In blocks like this you might see text that talks more about intuition and how you can look at things from more than one side.


In these blocks we will write more in-depth info about something. These boxes might be skipped on the first reading.

Software

We will primarily be writing R code using the RStudio GUI.

Setup in RStudio

This is our base setup. Further packages will be loaded in the individual lectures respectively.

library(tidyverse); library(kableExtra); library(cowplot); 
library(scales); library(janitor);
theme_set(theme_cowplot() +  
              background_grid(major = "xy", 
                              minor = "xy",
                              size.major = 0.25,
                              size.minor = 0.1) +
              theme(legend.position = "top",
                    plot.margin = margin(10, 10, 10, 10)))

Some Probability Distributions

Discrete Distributions

Discrete random variables can only take on a countable set of outcomes. This means that there should be a one-to-one mapping from the positive integers to the possible outcomes. In short, you can count all the possible outcomes (though they might be infinitely many). Continuous random variables (height for example) can take on uncountably many values. Between any two continuous numbers there exist infinitely many other numbers, this is not true for discrete numbers. There are no other integers between 2 and 3 for example.

Bernoulli

A random variable \(X\) is said to have the Bernoulli distribution with parameter \(p\) if

\[ \begin{aligned} P(X=1) &= p, \quad \text{and} \\ P(X=0) &= 1 - p, \quad \text{where } 0 < p < 1. \end{aligned} \]

We write this as \(X \sim \mathrm{Bern}(p)\). All random variables whose possible values are \(0\) and \(1\) follow this distribution.

p <- 0.3
success <- p
failure <- 1 - p
tibble(outcome = c("Success", "Failure"),
       probability = c(success, failure)) %>% 
    ggplot(aes(outcome, probability)) +
    geom_col() +
    scale_y_continuous(labels = percent) +
    labs(title = "Example Bernoulli variable") +
    theme(axis.title = element_blank())

Binomial

Suppose that we have n independent Bernoulli random variables sampled from an experiment, each with the same probability, \(p\), of success. Let \(X\) be the number of successes. Then \(X\) has a Binomial distribution with parameters \(n\) and \(p\). We write \(X \sim \mathrm{Bin}(n, p)\). Thus the \(\mathrm{Bern}(p)\) distribution is the same as \(\mathrm{Bin}(1, p)\).

coin_tosses <- 100
possible_outcomes <- seq(0, 100)
probability_of_outcomes <- dbinom(x = possible_outcomes, size = coin_tosses, prob = 0.5)

tibble(outcome = possible_outcomes,
       probability = probability_of_outcomes) %>% 
    ggplot(aes(outcome, probability)) +
    geom_col() +
    scale_y_continuous(labels = percent) +
    labs(title = "Coin toss experiment",
         subtitle = "Probability of obtaining X heads in 100 tosses") +
    theme(axis.title = element_blank())

Geometric

Consider a sequence of independent Bernoulli trials, each with the same success probability, \(p\), and imagine performing trials until a success occurs. Let \(X\) be the number of failures before the first successful trial. Then \(X\) has the Geometric distribution with parameter \(p\), denoted by \(X \sim \mathrm{Geom}(p)\).
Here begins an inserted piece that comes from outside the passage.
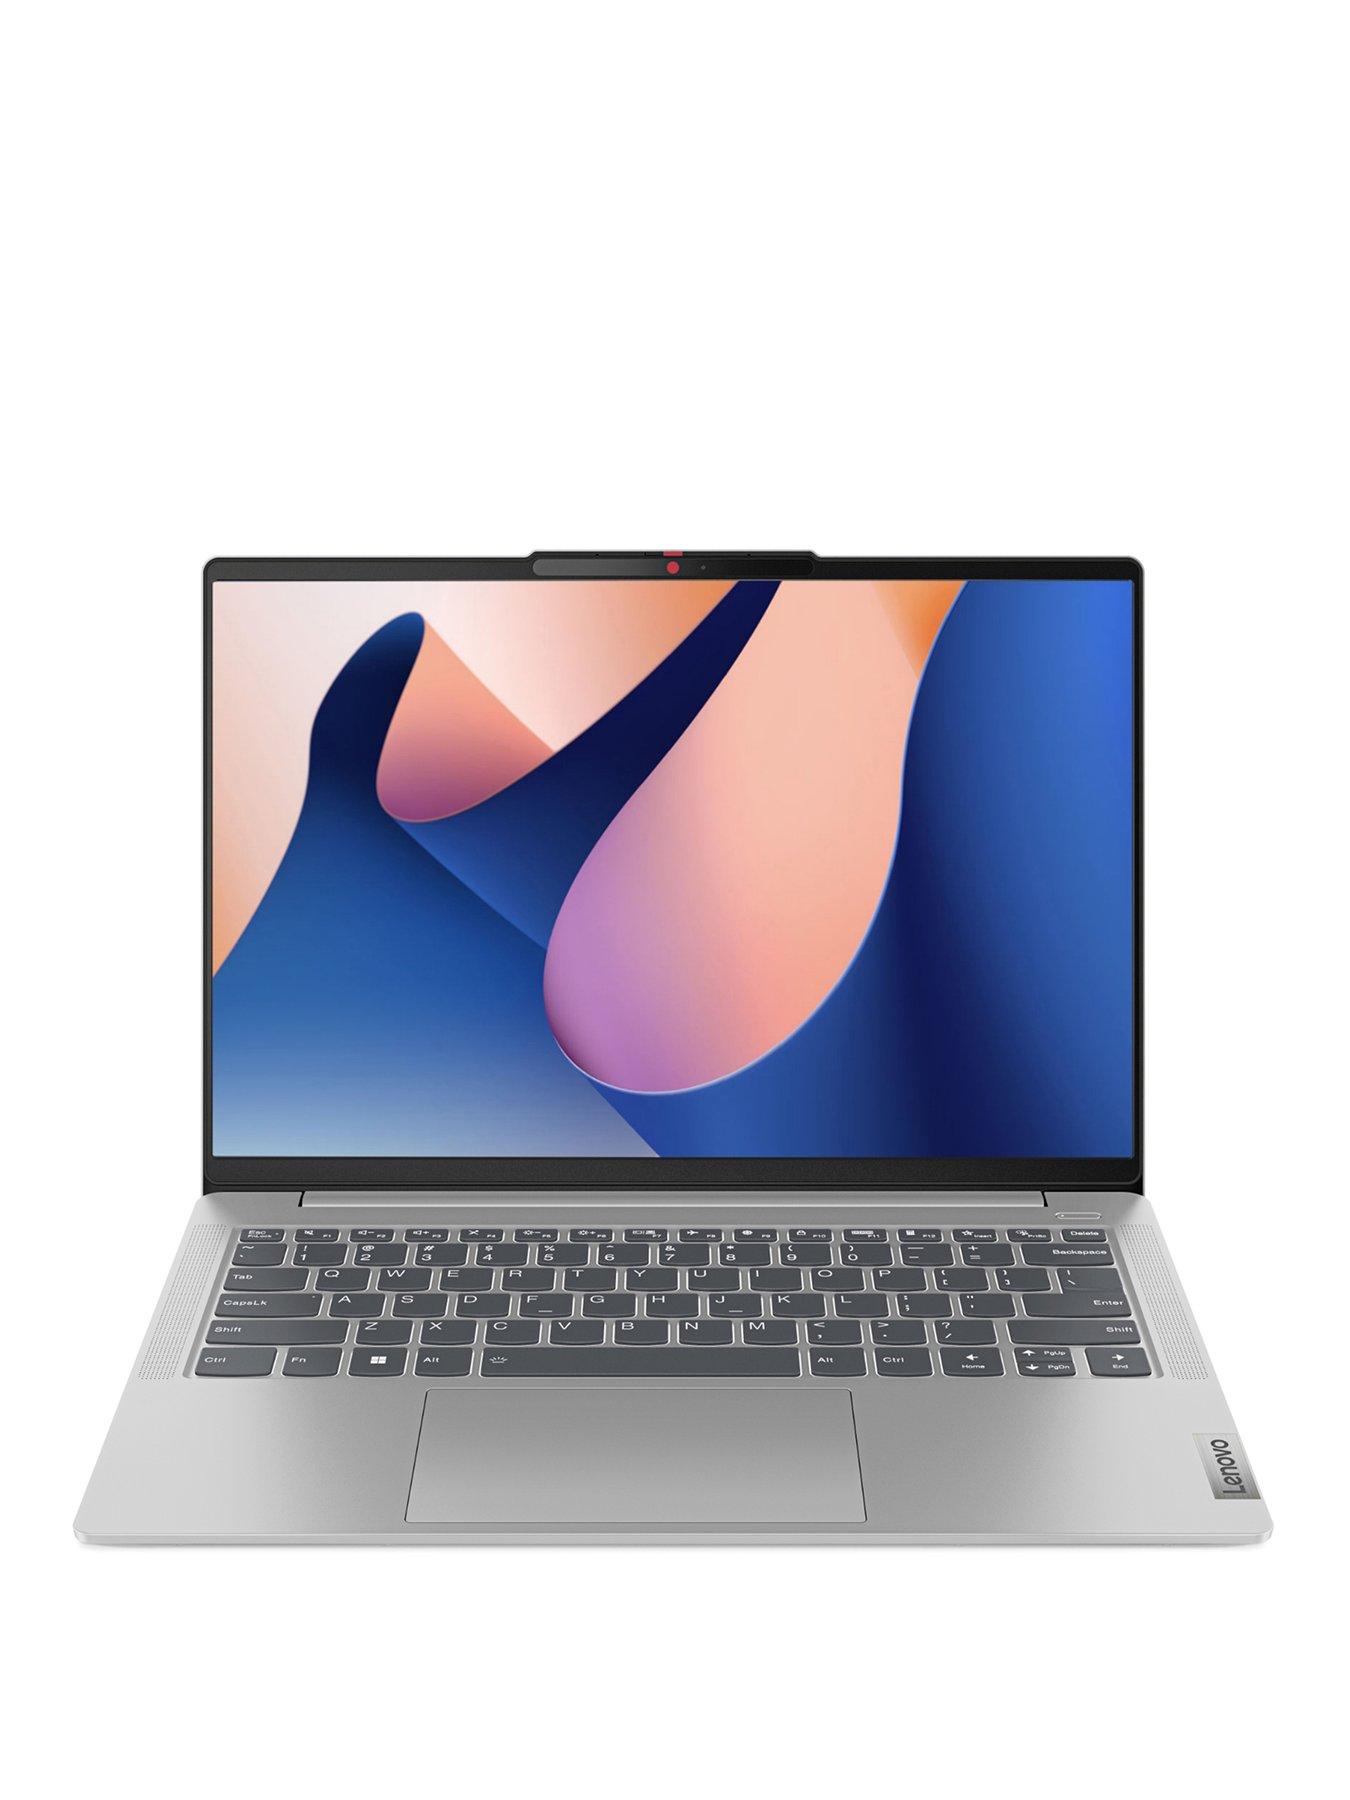 ASUS VivoBook Go 14 Flip Thin and Light 2-in-1 Laptop, 14” HD Touch, Intel  Celeron N4500 CPU, UHD Graphics, 4GB RAM, 64GB eMMC, NumberPad, Windows 11  Home in S mode, Quiet Blue

This is an important distribution for survival analysis. Imagine that on each day there is a constant probability, \(p\), that some event happens. Then the number of days before the event happens follows a \(\mathrm{Geom}(p)\) distribution. Note that the Geometric distribution only models whole numbers, so we cannot wait for \(4.5\) days when working with this distribution.

Textbooks and statistical software differ in whether the Geometric distribution models the number trials before the success or the number of trials including the success. The number of trials including the success is sometimes called the First Success distribution.

risk <- 0.10
possible_times <- seq(0, 50)
probability_of_times <- dgeom(possible_times, risk)
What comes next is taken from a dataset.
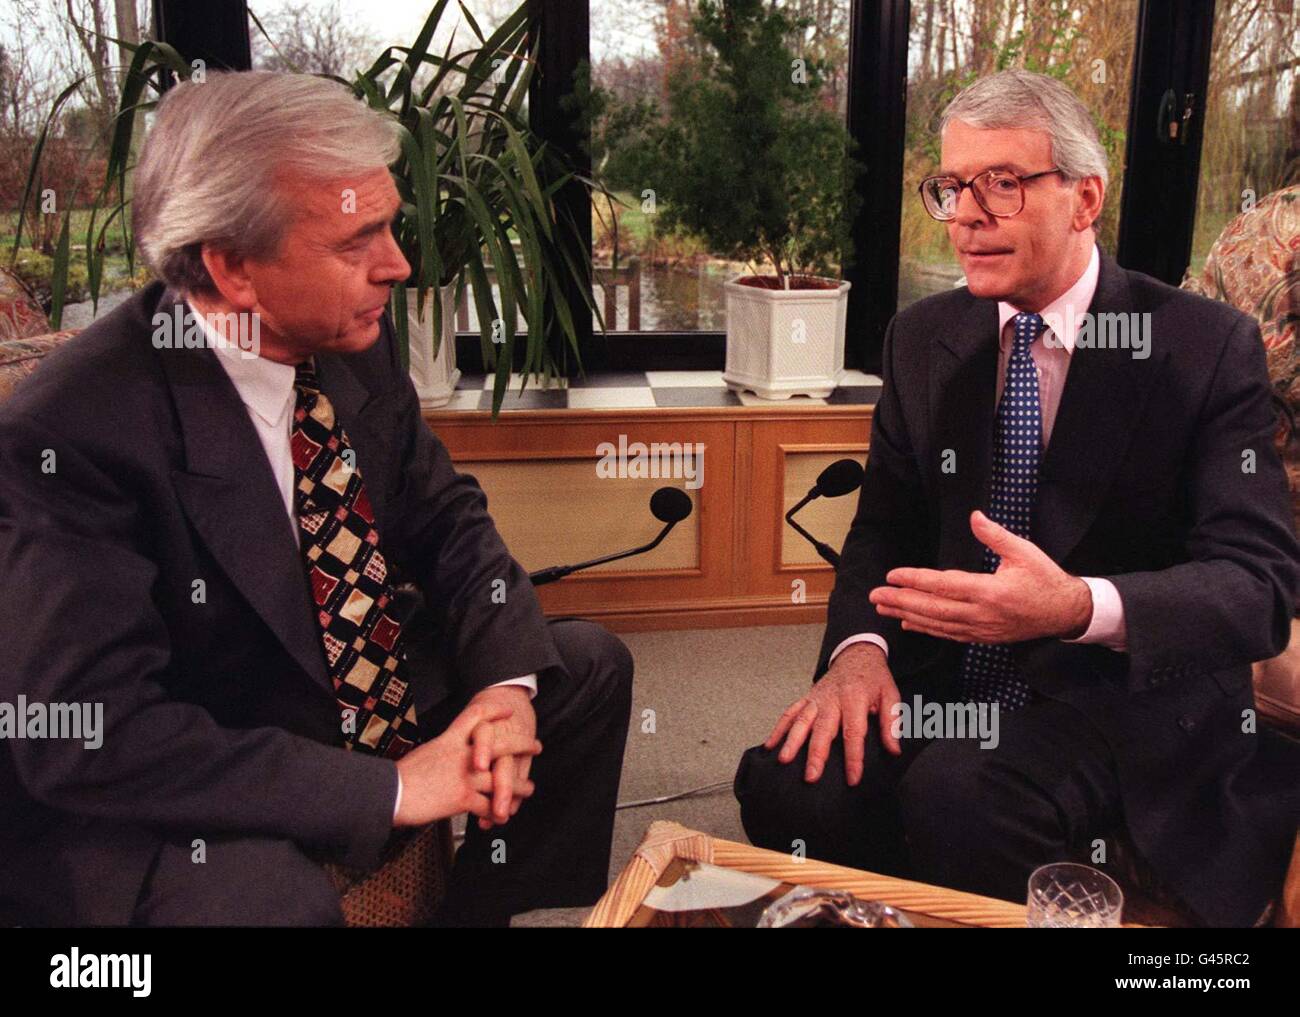 Prime Minister John Major (right) prior to his interview with John Humphrys (left), on the BBC On The Record programme, at his home near Huntingdon today (Sunday). Photo by Tony Harris. See PA Story POLITICS Major. Stock Photo

tibble(time = possible_times,
       probability = probability_of_times) %>% 
    ggplot(aes(time, probability)) +
    geom_col() +
    scale_y_continuous(labels = percent) +
    labs(title = "Geometic experiment",
         subtitle = "Probability of waiting X days until event happens with risk 10%") +
    theme(axis.title = element_blank())

Continuous

For continuous variables it makes no sense to ask what is the probability that X will be equal to x? since that probability, \(P(X = x)\) is always \(0\). Consider the probability that the temperature outside is 23 degrees celsius. This probability is \(0\) since the temperature outside is never exactly 23 degrees, rather it might be 23.01231 or 22.999923, but it is never exactly 23. Instead of the probability that a continuous random variable equals some value we talk of the density of the distribution at that value.
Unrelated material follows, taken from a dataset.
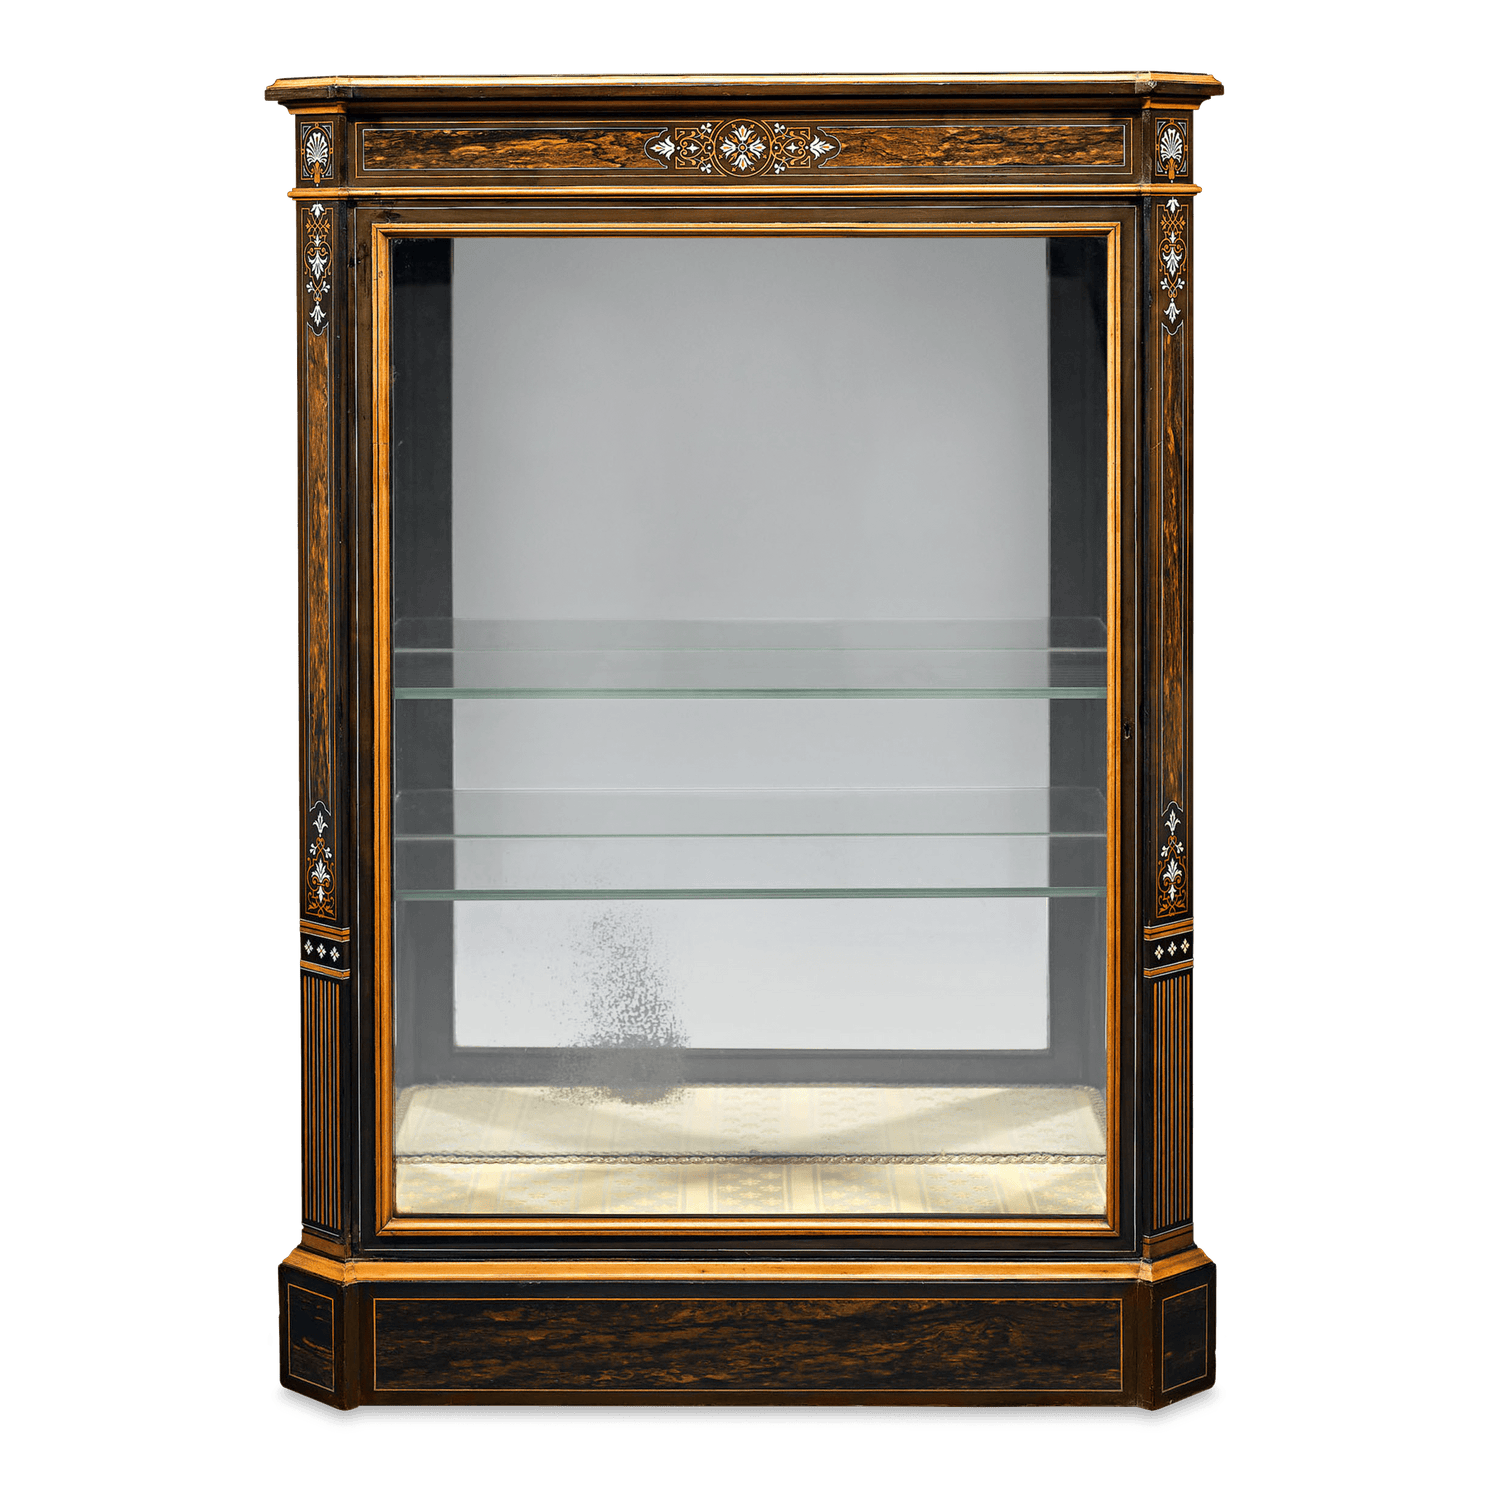 Intricate details and rare materials recommend this Victorian vitrine

On the other hand we can talk about the probability that a continuous random variable, \(X\), is less than or equal to \(x\) or \(P(X \leq x)\). Thus we can ask what is the probability that the temporature outside is less than or equall to 23? or \(P(\mathrm{Temp} \leq 23)\).

Exponential

The Exponential distribution is the continuous counterpart to the Geometric distribution. Instead of waiting for events in discrete days we are now waiting in continuous time for a success that occurs with rate \(\lambda\) per unit of time. The average number of successes in a time interval of length \(t\) is \(\lambda t\), though the actual number of successes varies.

If \(X\) has an Exponential distribution we write \(X \sim \mathrm{Expo}(\lambda)\), and the probability that an event occurs within \(x\) units of time is equal to the probability that \(X\) is less than or equal to \(x\), or

\[ P(X \leq x) =F(x) = 1 - e^{-\lambda x}. \]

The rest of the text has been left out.